= You Got the Right One, Baby =

Diet Pepsi advertising slogan

"You Got the Right One, Baby, Uh Huh" was a popular slogan for PepsiCo's Diet Pepsi brand in the United States and Canada from 1990 to 1993. A series of television ads featured singer Ray Charles, surrounded by models, singing a song about Diet Pepsi, entitled "You Got the Right One Baby, Uh Huh". The tag-phrase of the song included the words "Uh Huh!", which, as part of the ad campaign, were featured on Diet Pepsi packaging. Later, after Diet Pepsi phased out the aspartame / saccharin mix in favor of a 100% aspartame formula, many commercials ended with an announcer saying, "With 100% Uh Huh" replacing the earlier "With 100% NutraSweet".

The advertising campaign was created for Pepsi by BBD&O, a major New York advertising agency, and the song used in the commercials, entitled "Ray's Song" was penned by the team at Sunday Productions, also of New York City. One of the commercials was directed by Joe Pytka.

Another songwriter penned a composition with the same tag-line, and unsuccessfully attempted to receive credit for the commercial.

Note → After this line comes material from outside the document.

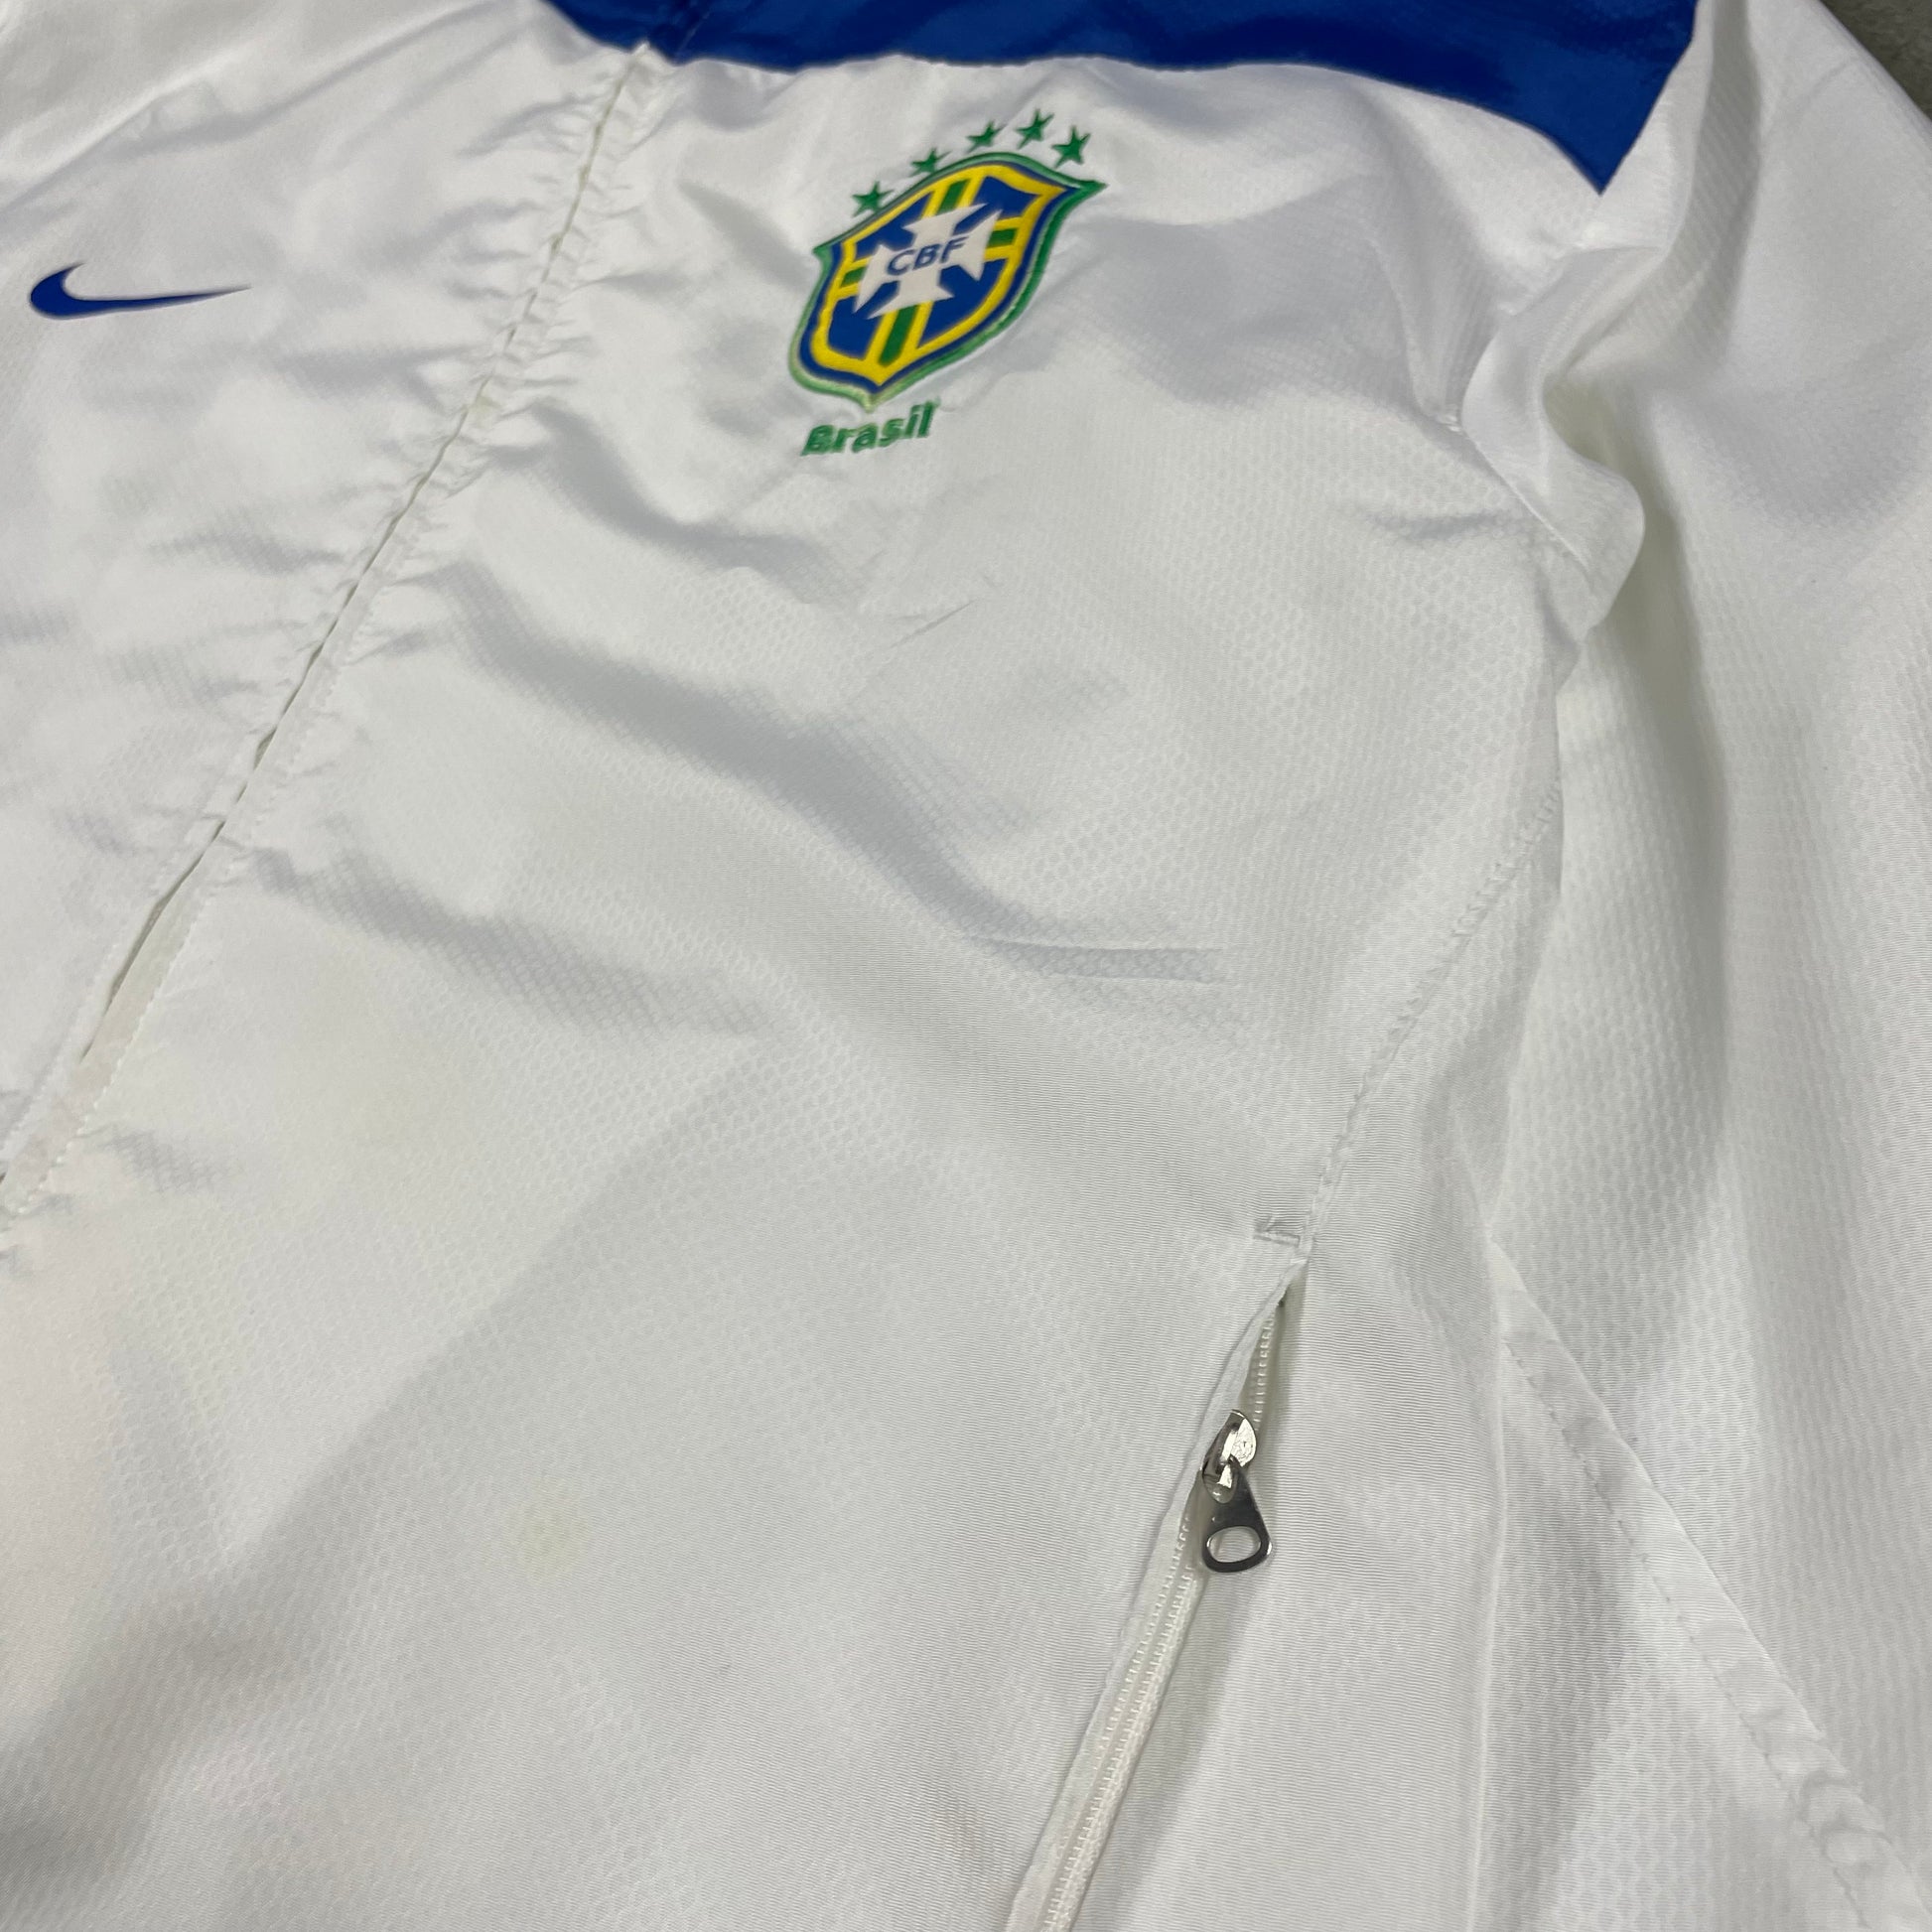 Nike Vintage Nike Brasil (Brazil) Jacket

According to him: The song was written (as a love song) in 1989 by Arthur Takeall of Annapolis, Maryland, first performed over radio station WEBB in Baltimore. Takeall has a registered copyright on the song and owner of the Federal Registered Trademark, "You Got the Right One, Baby, Uh Huh".

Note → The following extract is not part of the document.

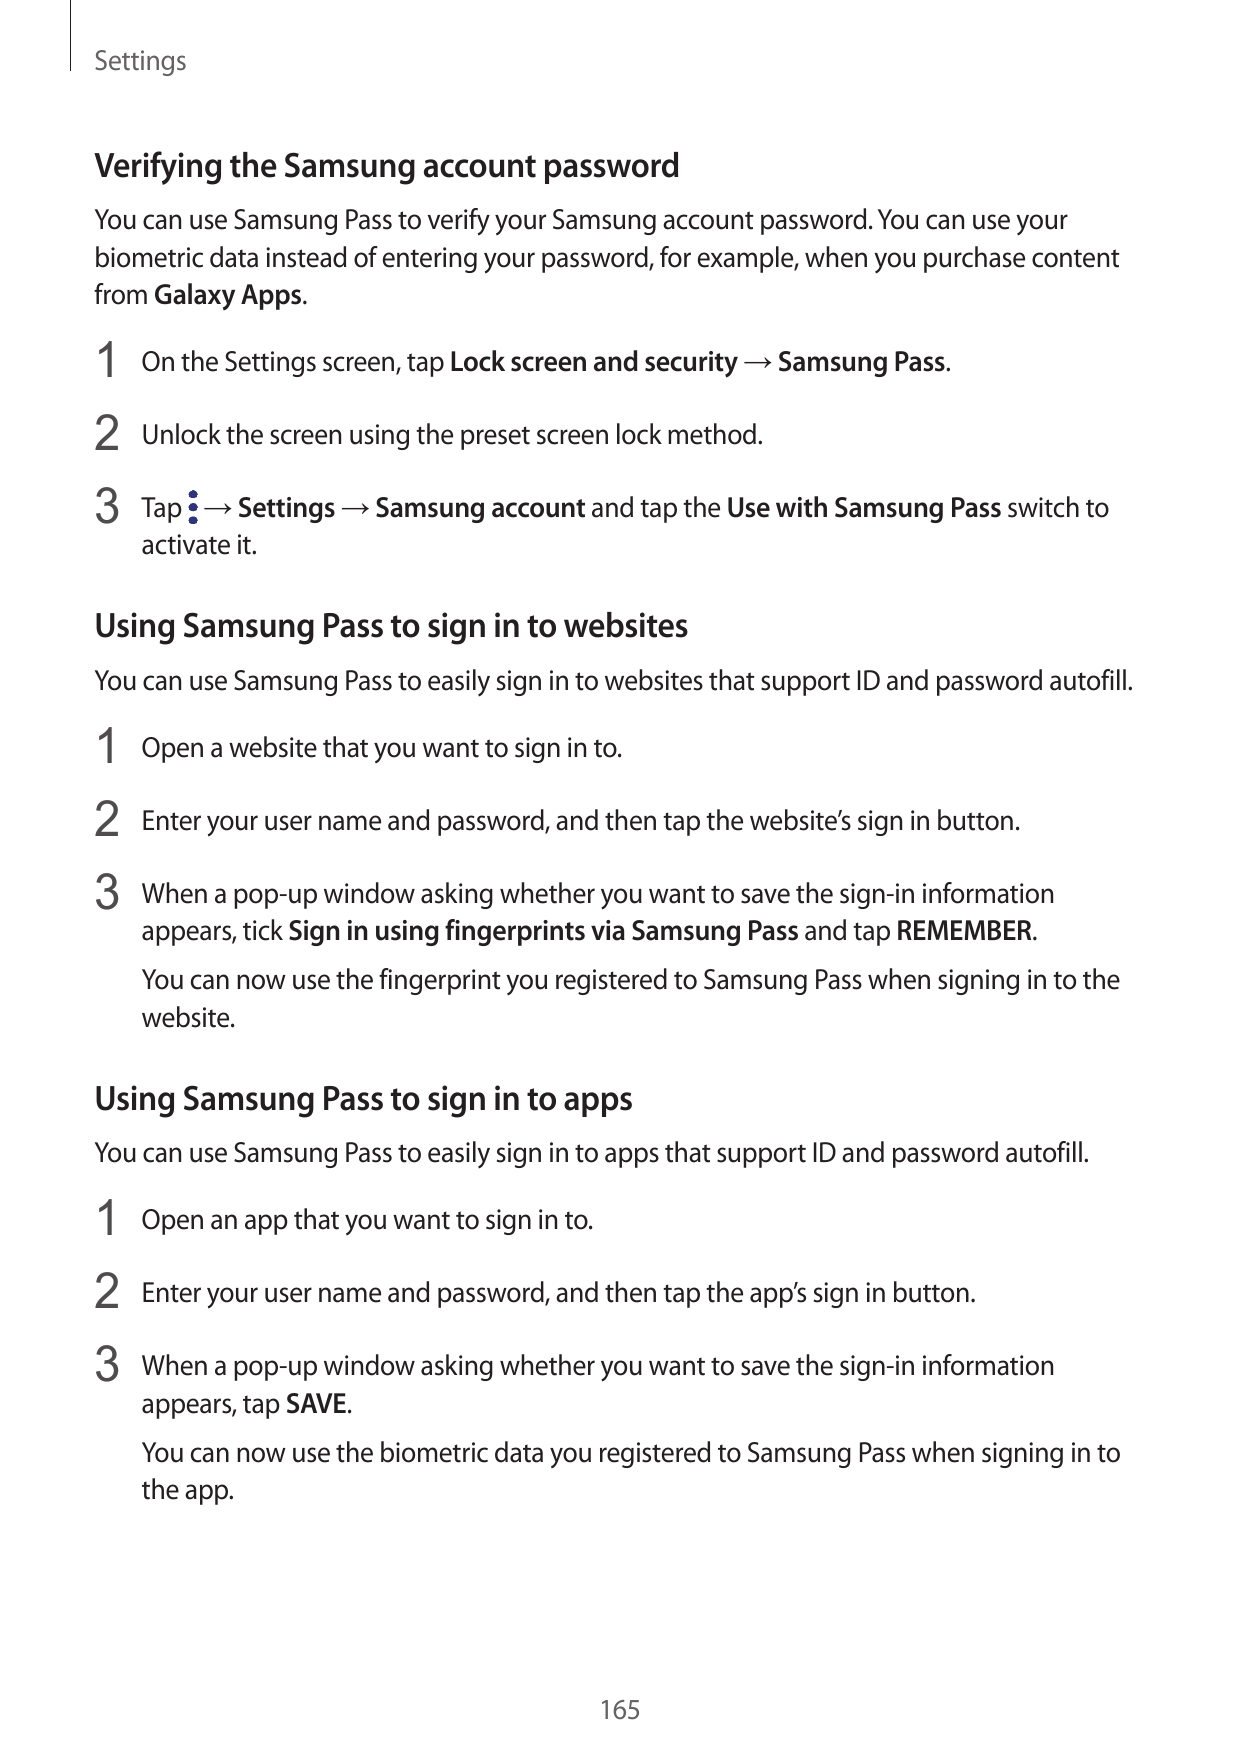 SettingsVerifying the Samsung account passwordYou can use Samsung Pass to verify your Samsung account password. You can use your

Prince's recording of his track 'Uh Huh' has often led to the mistaken belief that Prince wrote the jingle used in the commercials.

But the song was written by Diet Pepsi creative director Alfred Merrin and jingle writer Peter Cofield, who tried to tailor the catchphrase "the right one" to Ray Charles' delivery and consequently added "baby".
Charles' backing singers The Raelettes then added "Uh huh" after playing around with other two-syllable alternatives, such as "doo-woo".

==Version==
The Indian version of the slogan, Yeh hi hai right choice, Baby, A-ha (This is the Right Choice, Baby) in Hinglish, by Pepsi became immensely popular in the 1990s This slogan has since become a catchphrase in Indian popular culture.

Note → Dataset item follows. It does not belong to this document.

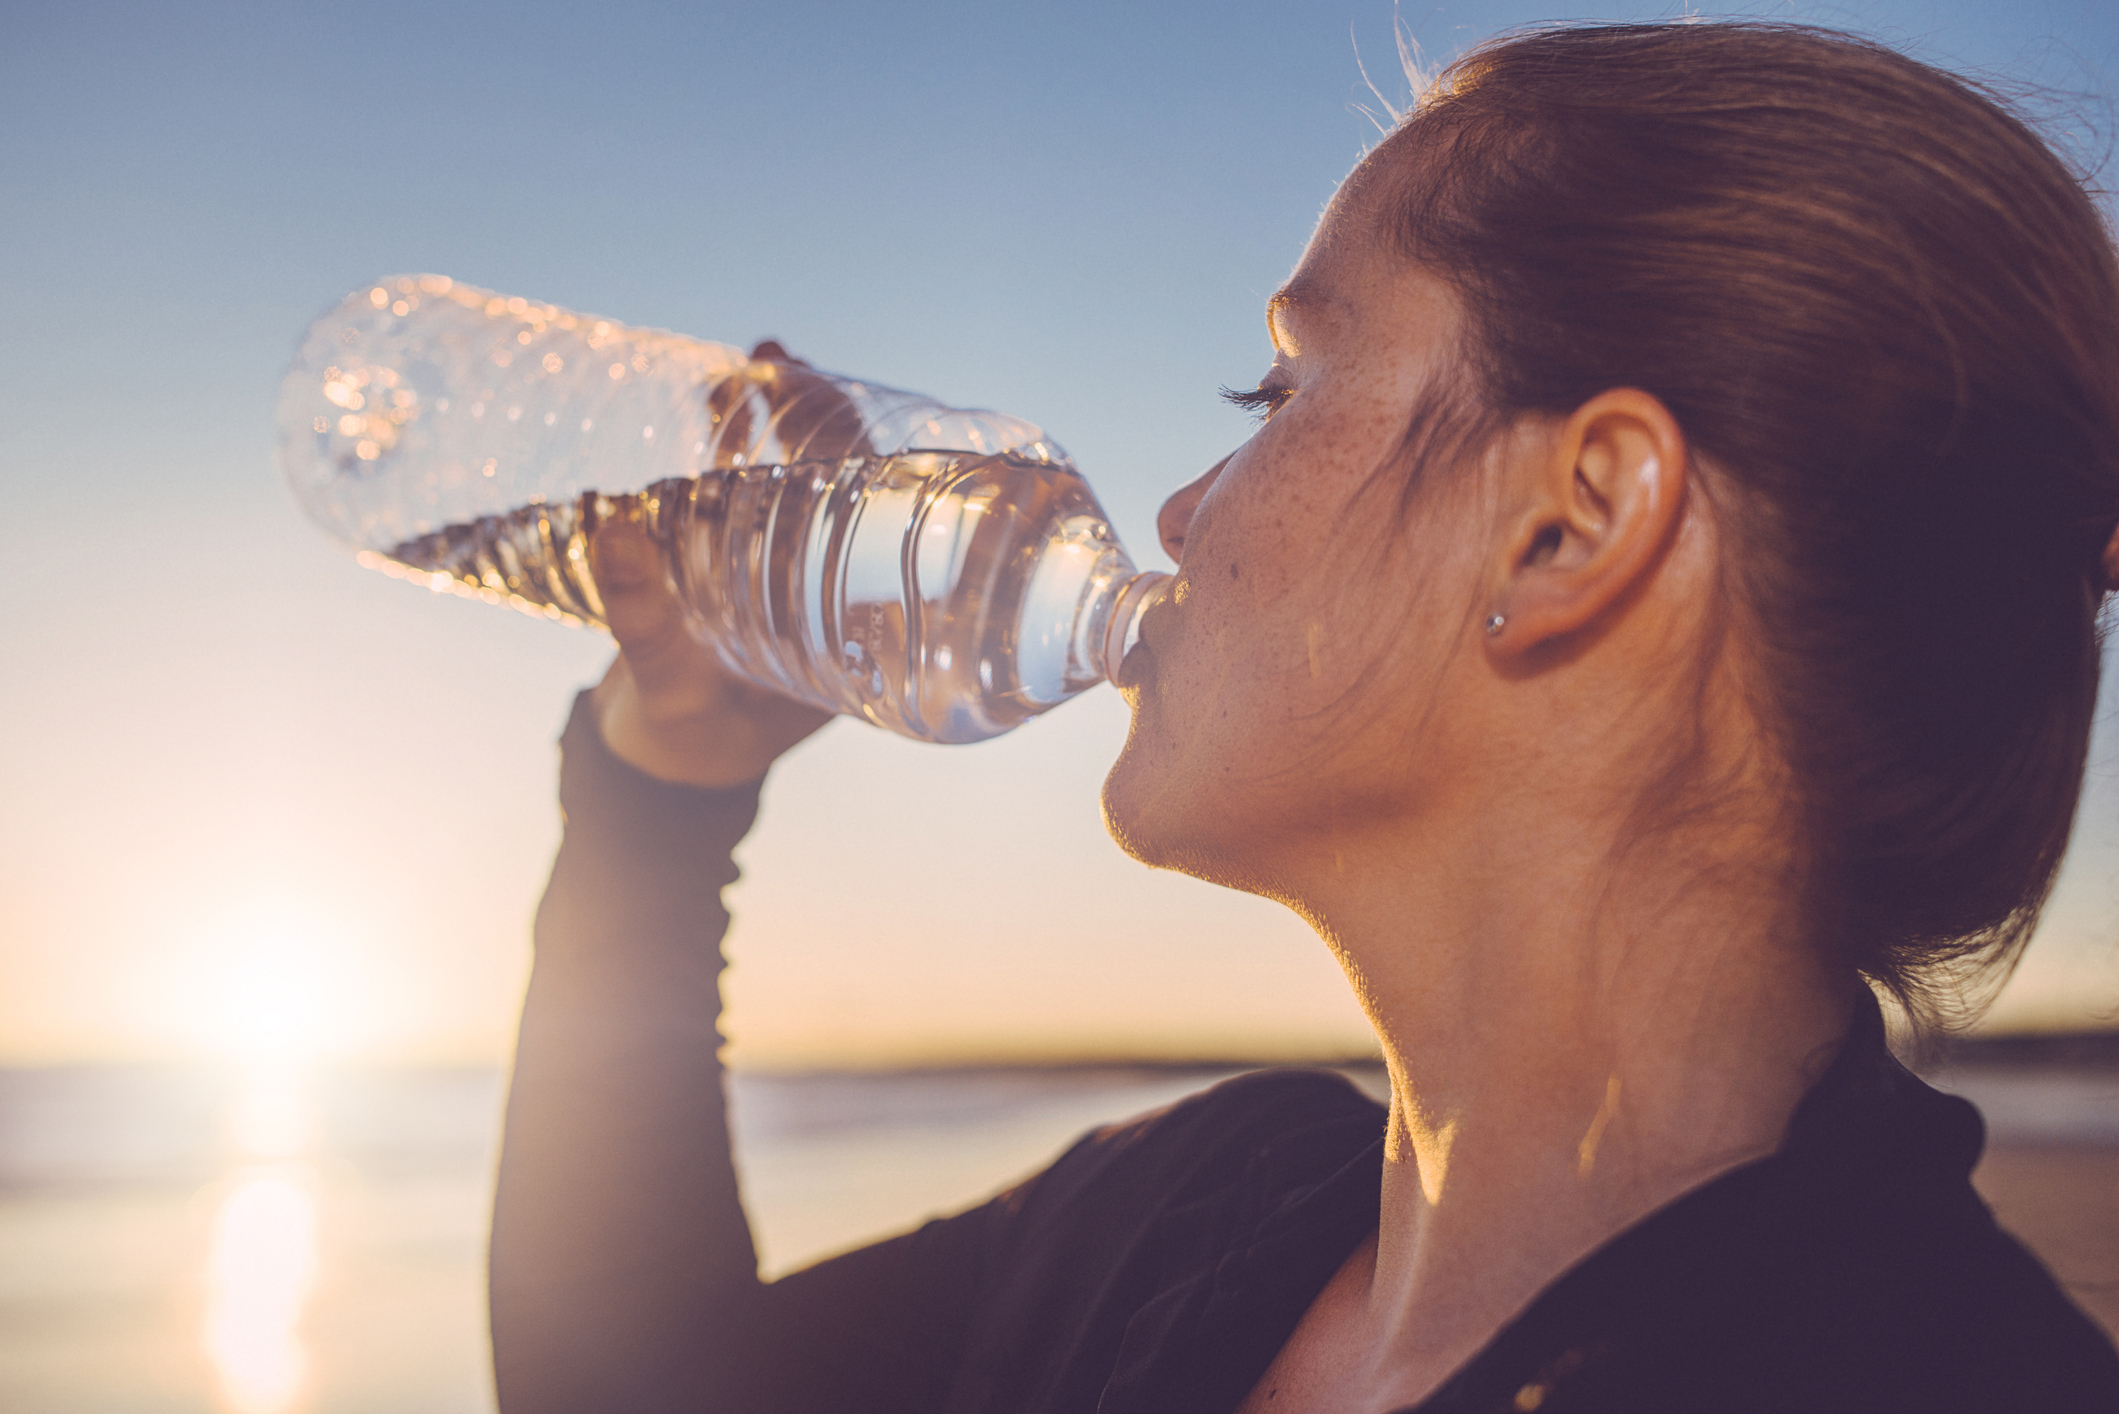 Woman drinking water from a bottled water bottle

Pepsi launched in India on 1989. The first Commercial featuring Pop Singer Remo Fernandes & actress Juhi Chawla using first The Choice of a New Generation.

After that commercial Pepsi started a campaign called Yeh hi hai right choice, Baby, A-ha. The lyrics was written by Remo itself. The TV commercial directed the Mukul Anand, In 3 parts.

Prequel

This was Remo's second commercial featuring Indian child pop star Penny Vaz as a Jingle, That commercial refers red dressed girls as Robert Palmer's Pepsi Simply Irresistible commercial & that A-ha referred to Uh Huh in Pepsi's Ray Charles commercial.

Sequel

In the sequel commercial It Kapil Dev has a guest appearance. It shows the importance of slogan in different ways. It features politics, cultural, sports, etc..

Threequel

In the threequel commercial, They featured Aamir Khan, Mahima Chaudhry & Aishwariya Rai. This was a remake of Michael J. Fox's Diet Pepsi commercial

==In popular culture==
The song's title quickly became a catchphrase across North America, and was referenced in various television shows and movies of the time, including The Cosby Show, Foofur, The Fresh Prince of Bel-Air, Coneheads and Rookie of the Year. The commercials themselves played on the parodies. One series of commercials showed people who opened cans of Diet Pepsi being thanked by Ray Charles and his backup singers with an "uh huh" (or the occasion "uh uh" for people who drank diet sodas from rival companies). Another commercial showed unsuccessful auditions with gangsta rappers, heavy metal bands and opera singers participating in a contest all singing "You Got The Right One Baby", in their most original format. A cash prize would be awarded to the best original rendition of "You Got The Right One Baby, uh huh". over 300,000 videos were submitted, to that extent Diet Pepsi awarded 10 first place prizes to the best and most original renditions. There was also a parody on Animaniacs in Chalkboard Bungle.